Exercise details: Omit all pictures, then retype exactly the lines from the one that contains "リビンズのダイニングセット「ライトルⅡ」の椅子の画像" through the end of the listing.

Material provided:

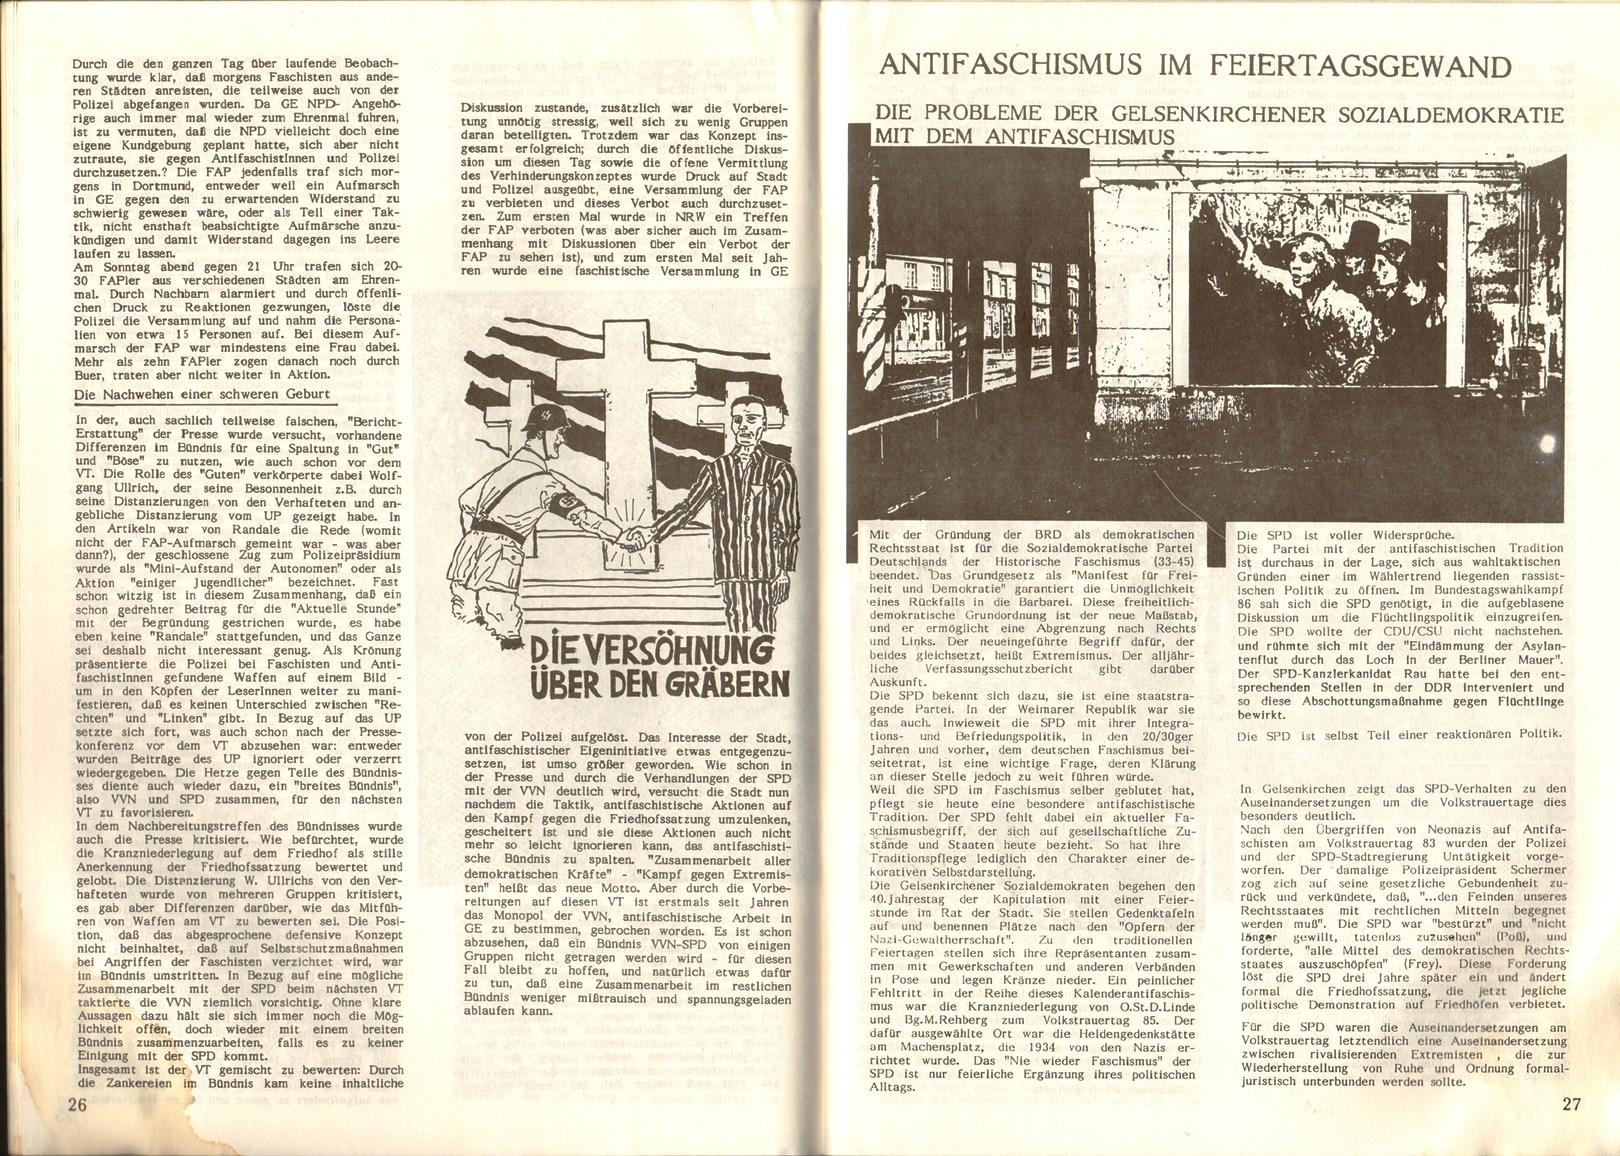 Gelsenkirchen_Zukunft_Vergangenheit_1988_14
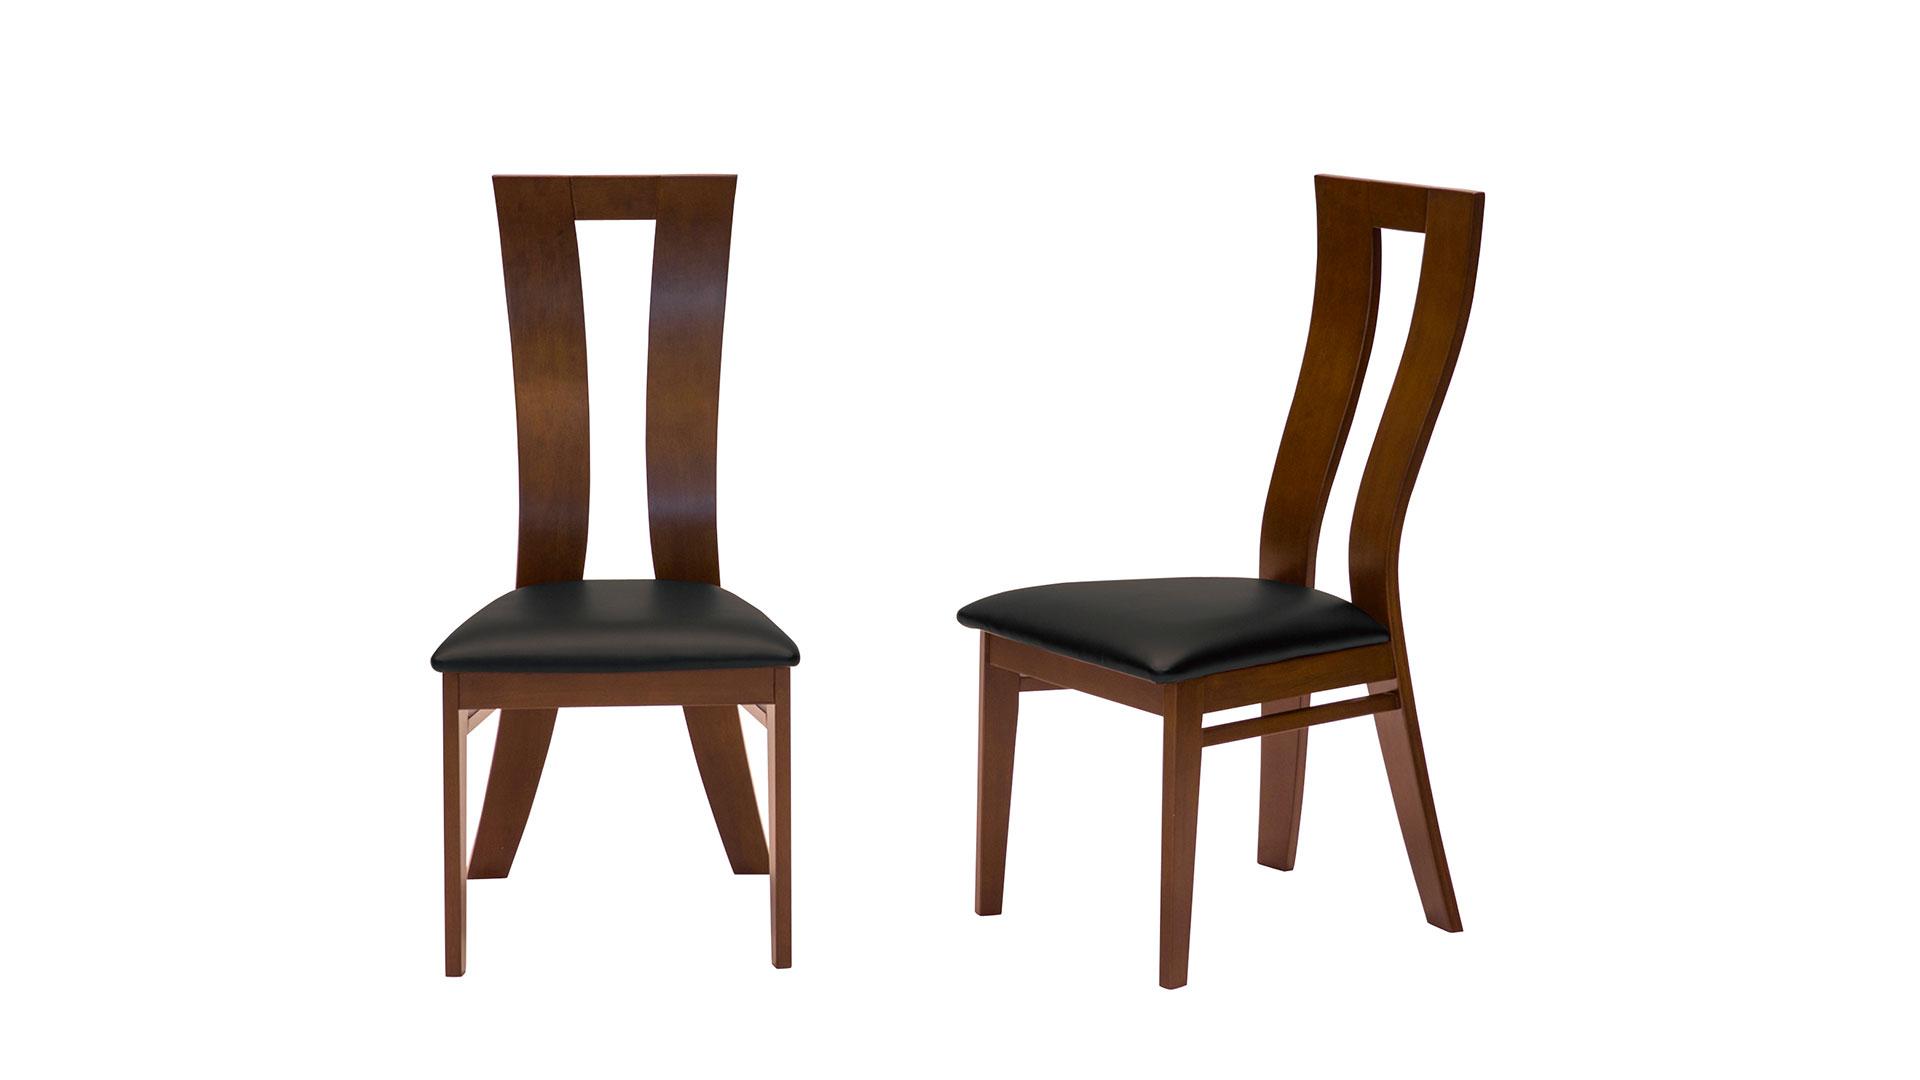 リビンズのダイニングセット「ライトルⅡ」の椅子の画像
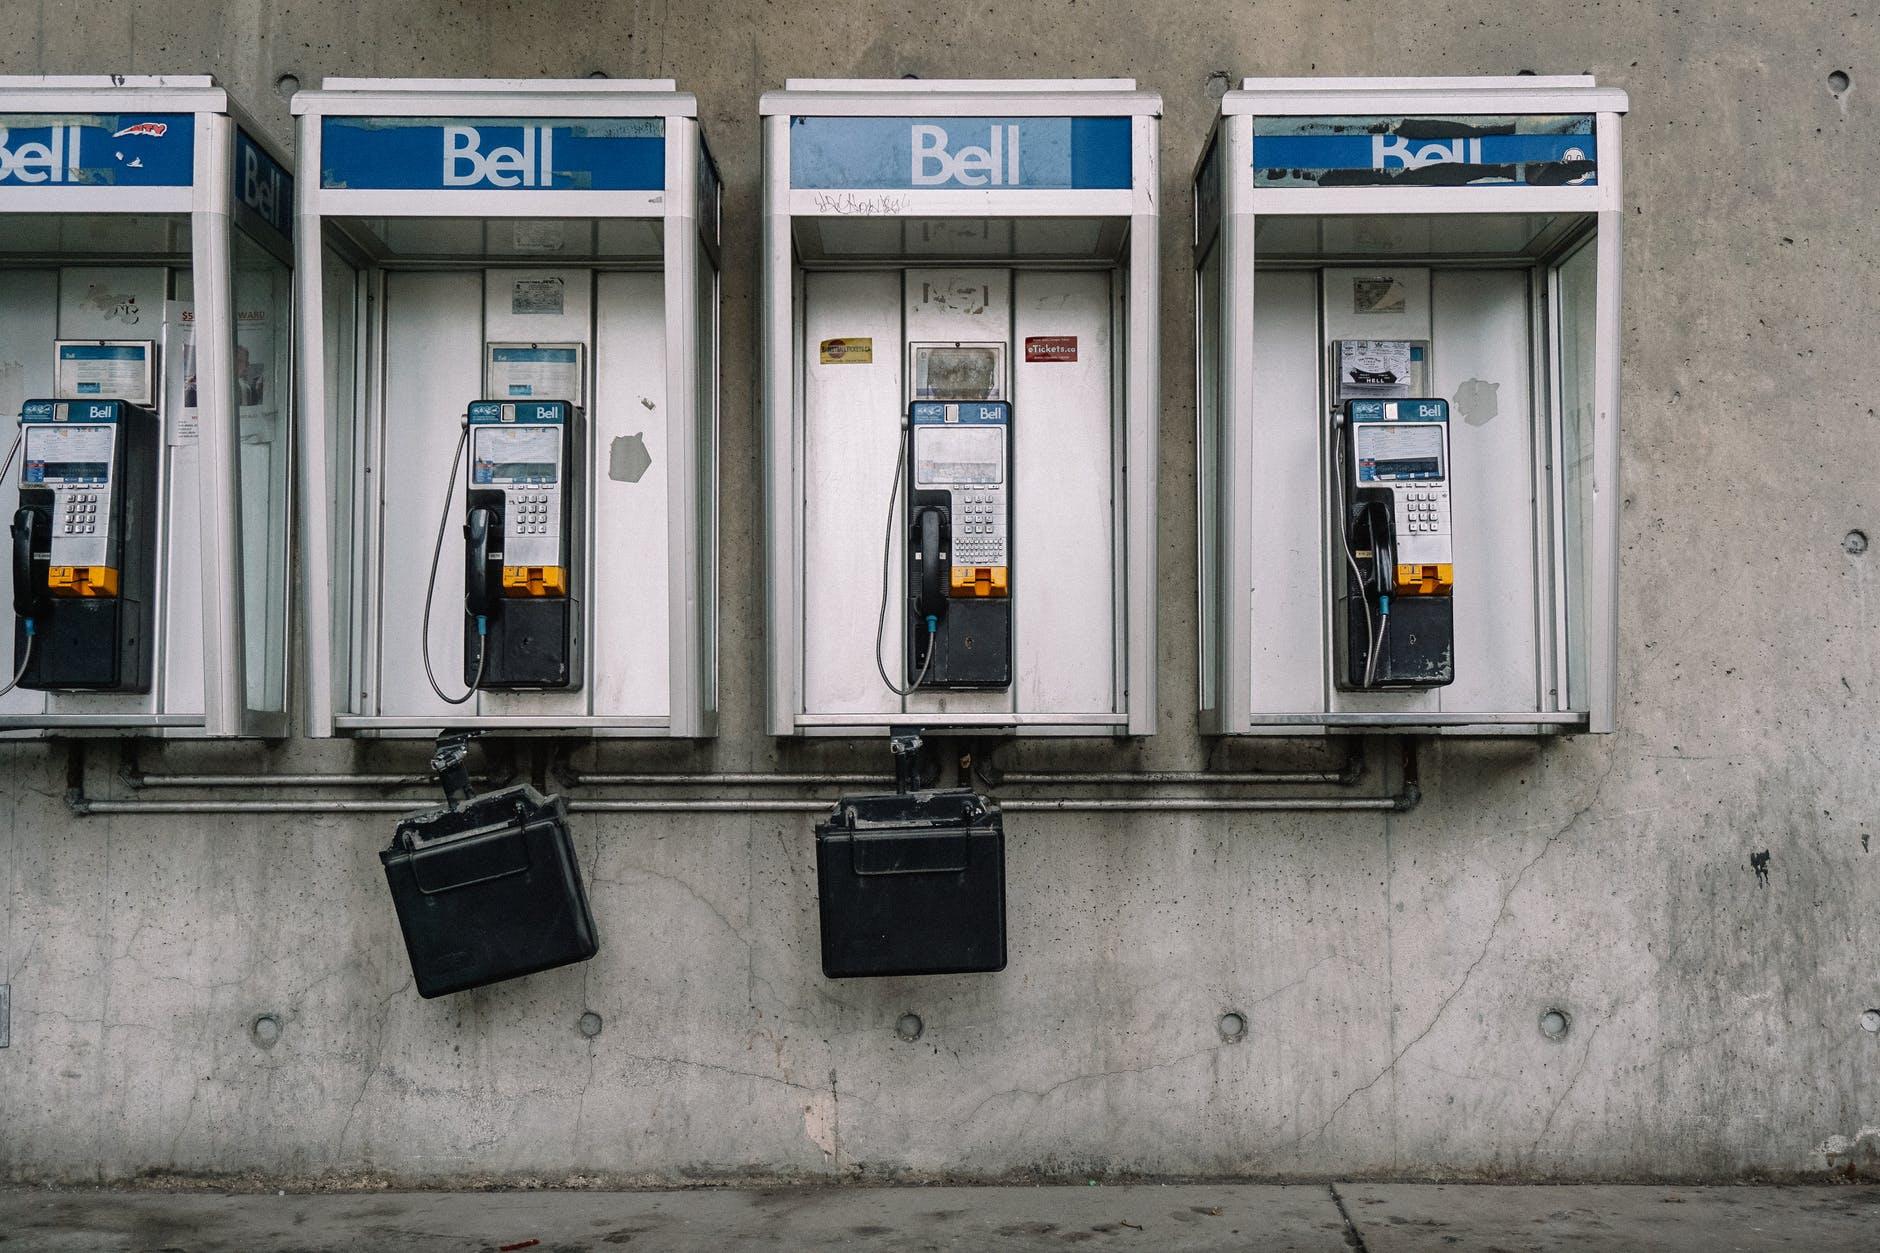 old public phones in city

Answer box:
 リビンズのダイニングセット「ライトルⅡ」の椅子の画像
 old public phones in city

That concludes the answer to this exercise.